Transportation Research Part A: Policy and Practice ( IF 6.3 ) Pub Date : 2023-12-29 , DOI: 10.1016/j.tra.2023.103947 Qiao Peng , Yassine Bakkar , Liangpeng Wu , Weilong Liu , Ruibing Kou , Kailong Liu
Transportation systems are critical lifelines and vulnerable to various disruptions, including unforeseen social events such as public health crises, and have far-reaching social impacts such as economic instability.
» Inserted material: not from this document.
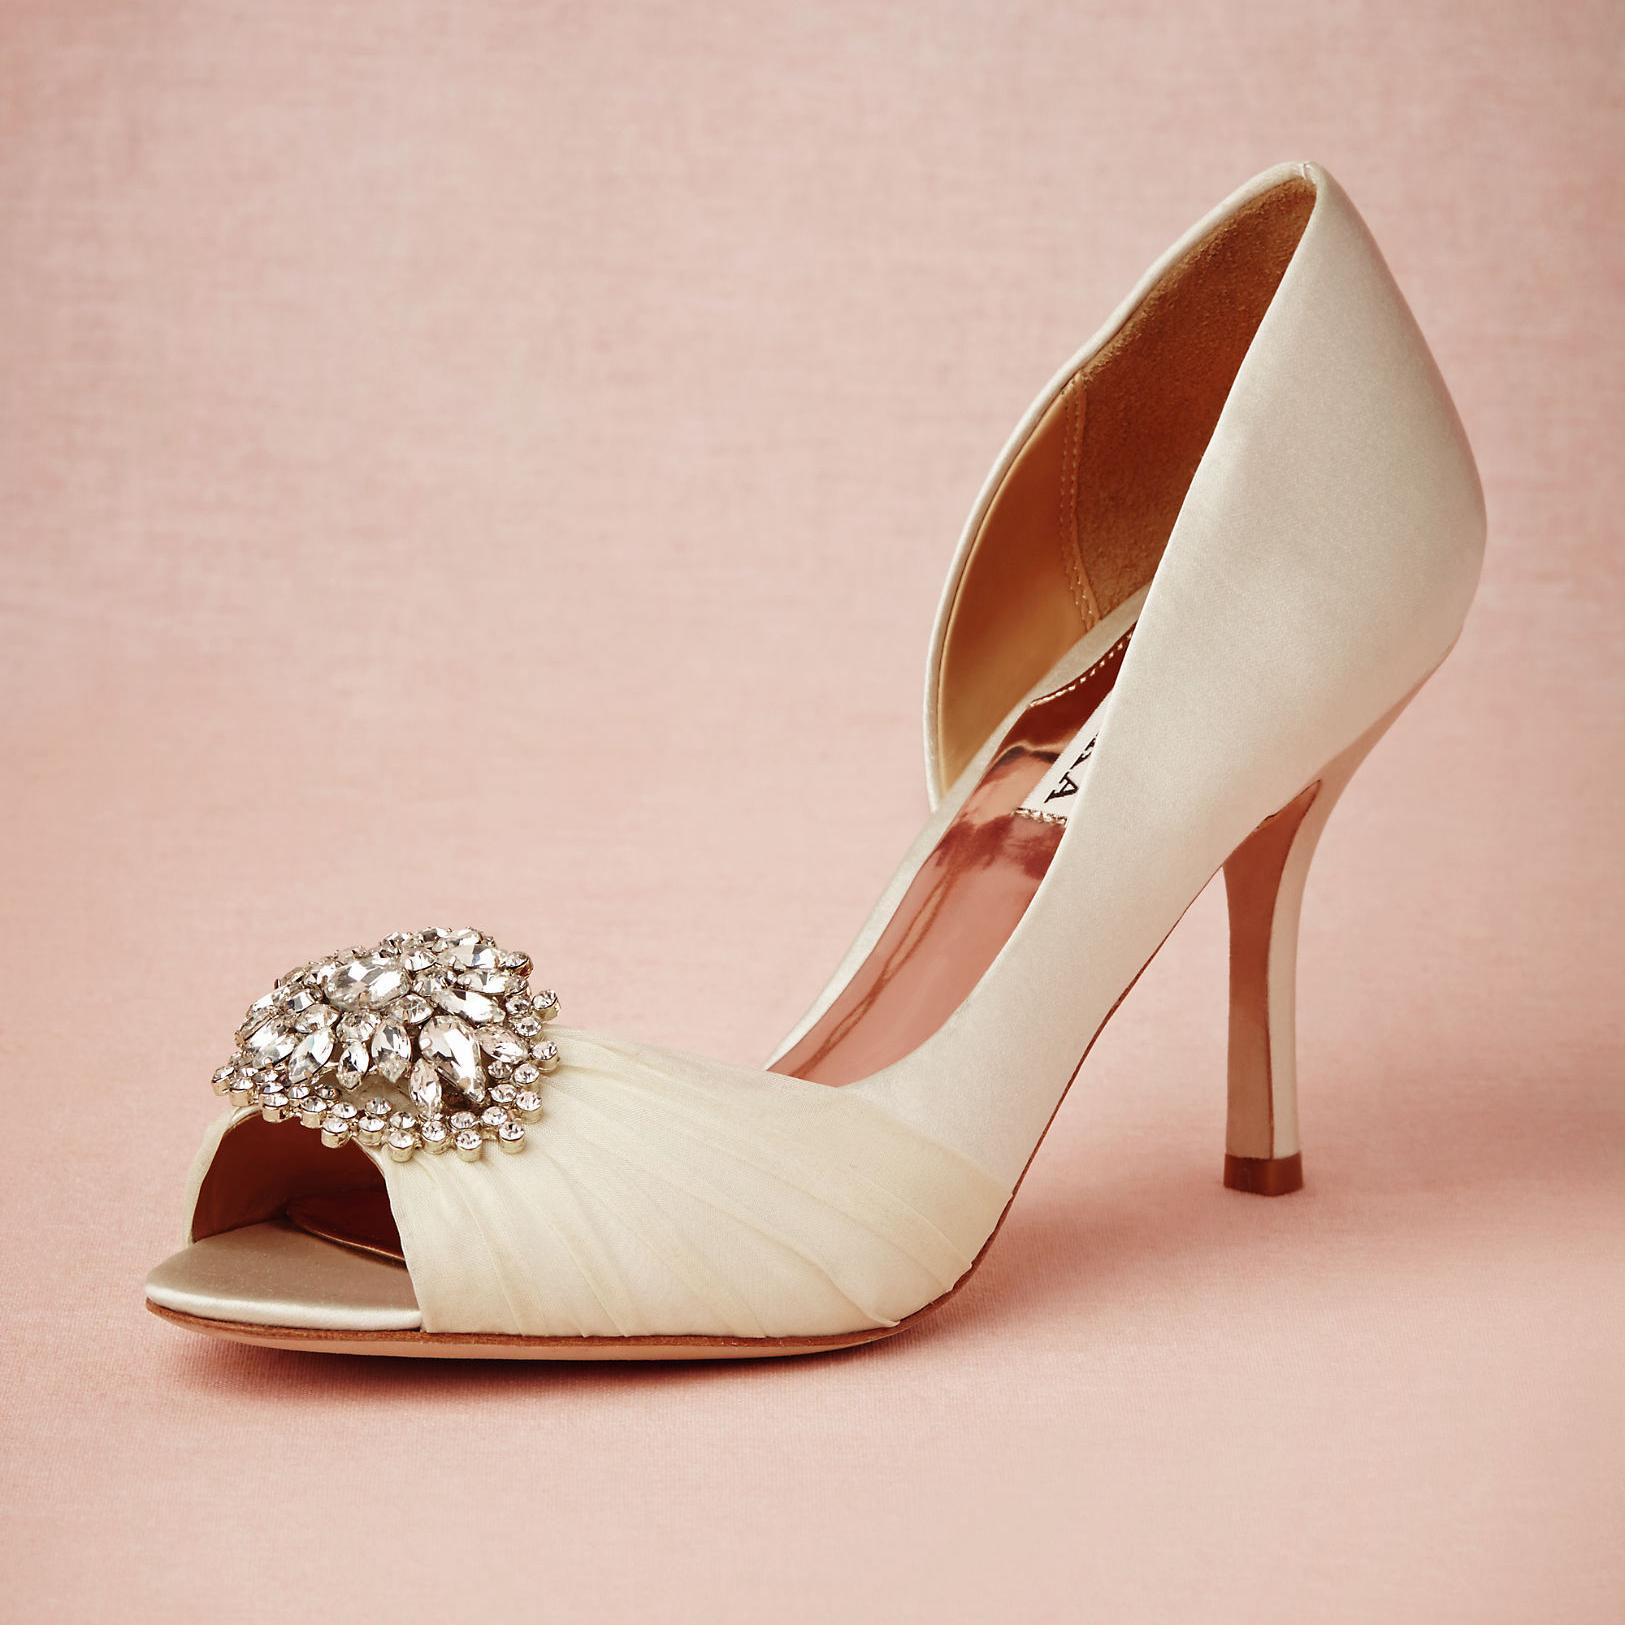 5a790dc0644 Silver Peep Toe Mid Heels - Heels Zone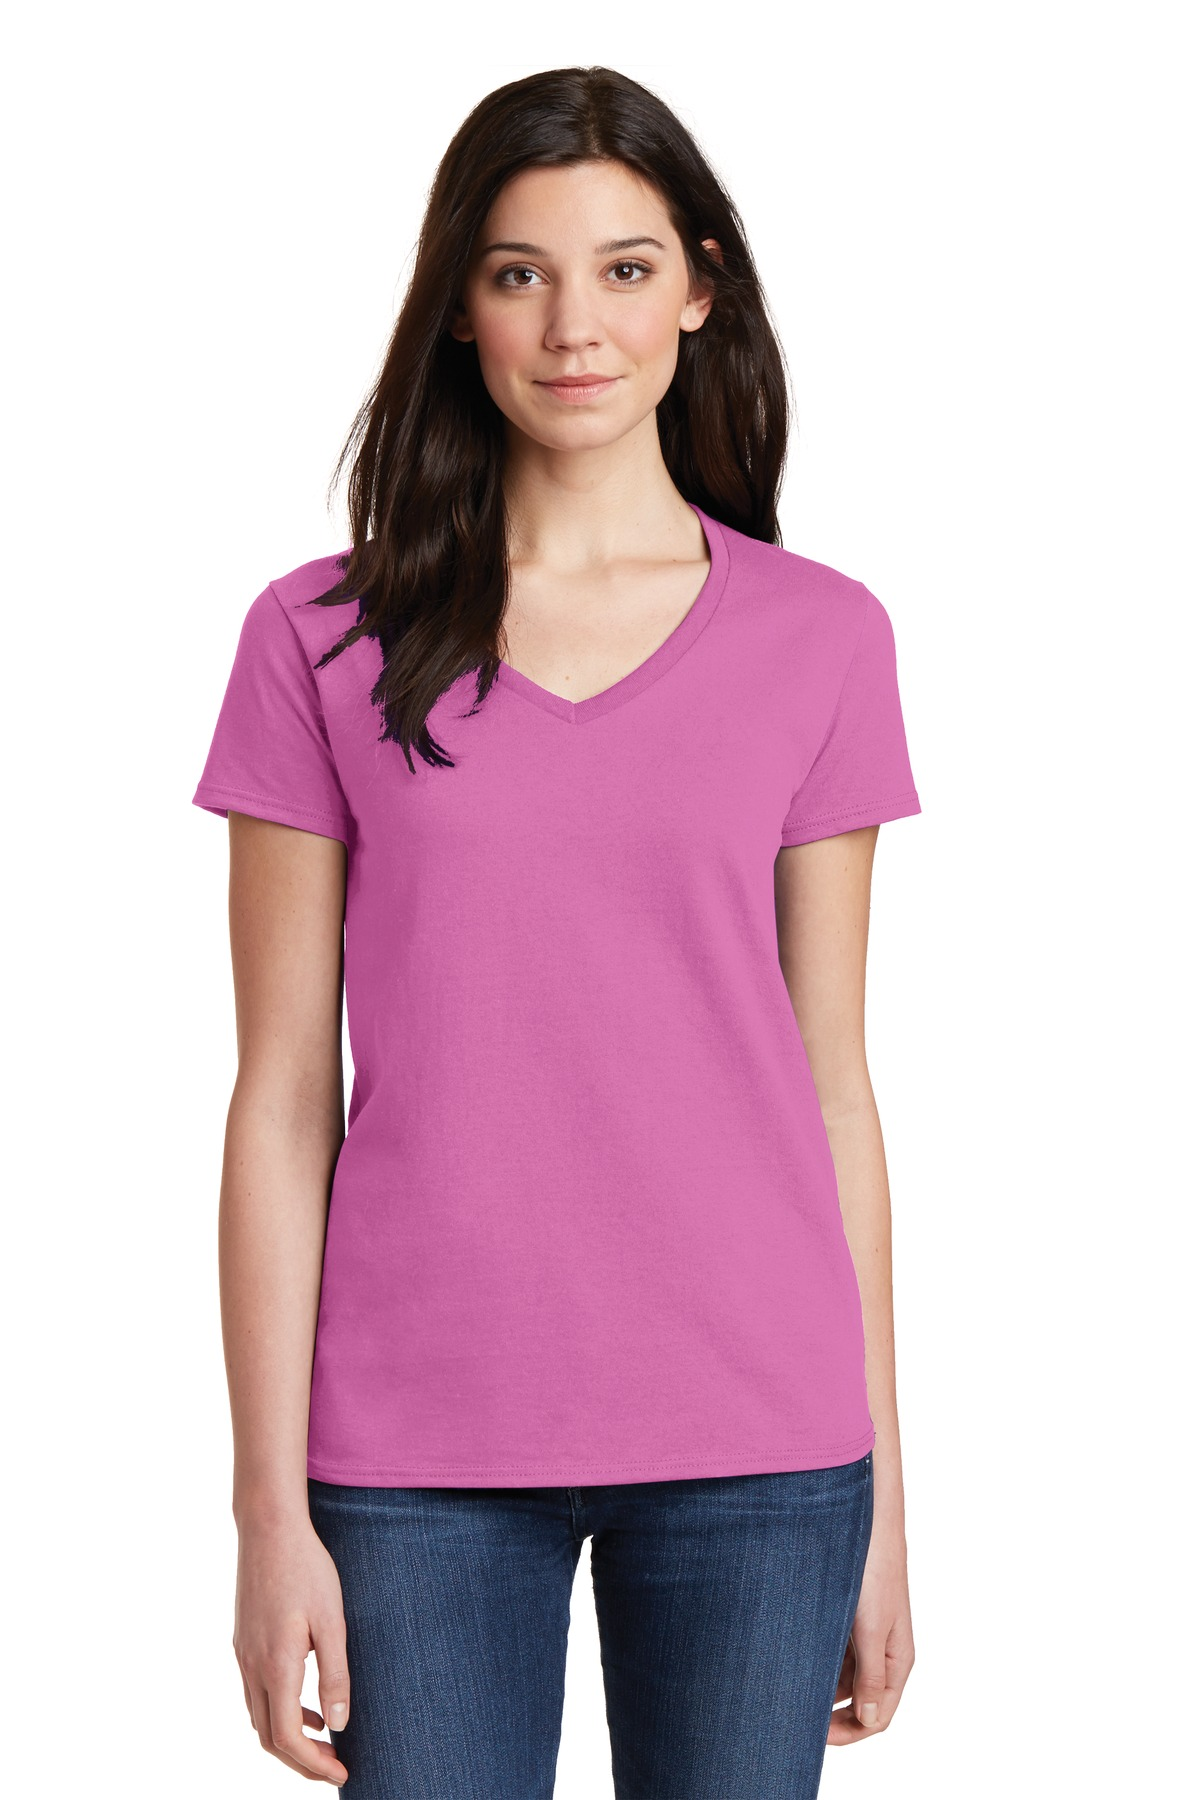 Gildan  5V00L - Ladies Heavy Cotton 100% Cotton V-Neck T-Shirt

This paper aims to determine the key factors influencing the severity of traffic accidents in four different stages during the pre- and the post Covid-19 pandemic in Illinois, USA. For this purpose, a Random Forest-based model is developed, which is combined with techniques of explainable machine learning. The results reveal that during the pandemic, human perceptual factors, notably increased air pressure, humidity and temperature, play an important role in accident severity. This suggests that alleviating driver anxiety, caused by these factors, may be more effective in curbing crash severity than conventional road condition improvements. Further analysis shows that the pandemic leads notable shifts in residents' daily travel time and accident-prone spatial segments, indicating the need for increased regulatory measures. Our findings provide new insights for policy makers seeking to improve transportation resilience during disruptive events.
中文翻译:
Covid-19 不确定性下的交通弹性:交通严重性分析
交通系统是重要的生命线,容易受到各种干扰,包括公共卫生危机等不可预见的社会事件,并产生经济不稳定等深远的社会影响。本文旨在确定影响美国伊利诺伊州 Covid-19 大流行前后四个不同阶段交通事故严重程度的关键因素。为此,开发了基于随机森林的模型,该模型与可解释的机器学习技术相结合。结果表明,在大流行期间,人类感知因素,特别是气压、湿度和温度的升高,在事故严重程度中发挥着重要作用。这表明,减轻由这些因素引起的驾驶员焦虑可能比传统的路况改善更有效地控制碰撞严重程度。进一步分析表明,疫情导致居民日常出行时间和事故易发空间区域发生显着变化,表明需要加强监管措施。我们的研究结果为寻求提高破坏性事件期间运输弹性的政策制定者提供了新的见解。